What the pipeline never touches

The following classes of strings are deliberately preserved because removing them would break the report's technical narrative or because they are not customer-identifying.

  • Technical content of the report: descriptions, payloads, exploit code, shell commands, tool output snippets, request / response bodies (only the values they contain may be flagged, not the surrounding code).
  • Standards and well-known libraries: NaCl, libsodium, OpenSSL, OAuth, OAuth2, JWT, SAML, OIDC, WebRTC, FCM, APNS, OneSignal, Firebase, Google Play Services, Apple Push, libsignal, Curve25519, Ed25519, AES, SHA-256, HMAC, PBKDF2, Argon2.
  • Standard constants and reserved ranges: RFC 5737, RFC 1918, loopback, well-known public DNS, RFC 2606 example domains.
  • Generic OS / SDK / library versions: Android 10, iOS 17, Java 17, Python 3.12, OpenSSL 3.0.
  • Generic hardware models: Samsung SM-A920F, Xiaomi Redmi, Pixel 7, iPhone 14, these are lab-test details, not customer-identifying.
  • Dates in any format: 7 May 2026, 2026-05-07, 7 maggio 2026.
  • Generic file names and project paths: ADVISORY.md, README.md, exploit_usage.md, debug_server.py, data/dev_keypair.json, src/main/java/..., proof/screenshot.png, technical artefact names.
  • Generic descriptive endpoints: /api/v1/login, /healthz, /metrics, keyserver/v1/publish.
  • Variable / function / class names found in code (including R8 / ProGuard obfuscated names like pi.a.n, zi/a.java, License.WebServiceURI, sodium_key, key_id, encoded_key, OWN_KEY, DEV_PUB, VICTIM_PUB, crypto_box).
  • Test / placeholder identifiers that already document an attack: VITTIMA, VICTIM, Lab1, Lab2, attaccante, mitm.
  • Generic security terms: MITM, CSRF, XSS, RCE, SSRF, CVE-*, CVSS, CWE, OWASP.
  • Already-anonymized values: previous placeholders (+39NNN0000NNN, 203.0.113.NN, vendor.example, X-Vendor-*, VENDOR-CHAIN-*).
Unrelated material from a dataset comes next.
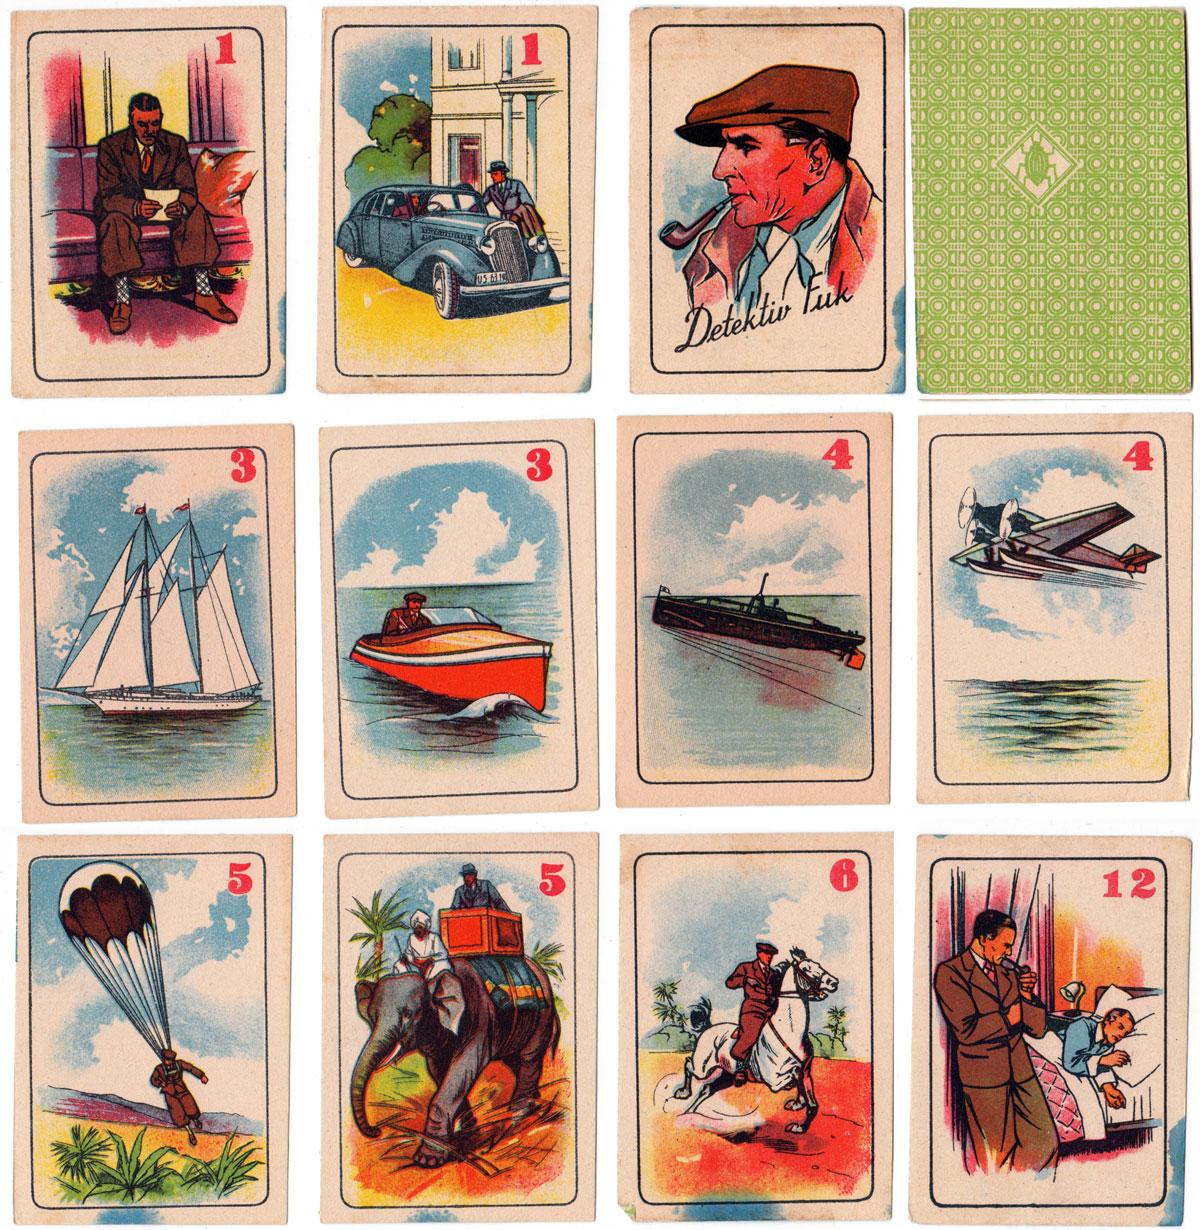 'Detektiv Fuk' card game from Czechoslovakia

How the two tiers cooperate

  • Tier-0 (anonymize/rules_pass.py) is a deterministic regex pass. It catches phone numbers, IP addresses and 32 / 64-hex tokens without touching the LLM, and assigns a stable index (+393331111111 always resolves to the same placeholder via decisions_history.jsonl). Tier-0 hits auto-promote.
  • Tier-1 (anonymize/detector.py) is the LLM detector with the prompt described above. It walks the document chunk by chunk via the structure-aware splitter, emits candidates with category + suggested placeholder + confidence, then a critic pass checks each candidate against the "is this really a customer-identifying value?" question. High confidence + critic-approved candidates auto-promote; the rest go to the human Review queue.

Why the categories matter

The category drives:

  • Placeholder format: phones get +CC<carrier>0000NNN, IPs get RFC 5737, hex tokens get the 8-char-prefix-preserving rule, etc. Code in anonymize/placeholders.py.
  • Auto-promotion threshold: some categories (Tier-0 phones, Tier-0 IPs) auto-promote on the first hit; others (brand, credentials, other) require critic agreement.
  • Per-project review: in the GUI's Review pane, candidates are grouped by category so the operator can blast through homogeneous sets quickly (approve all phones, edit questionable brand variants by hand).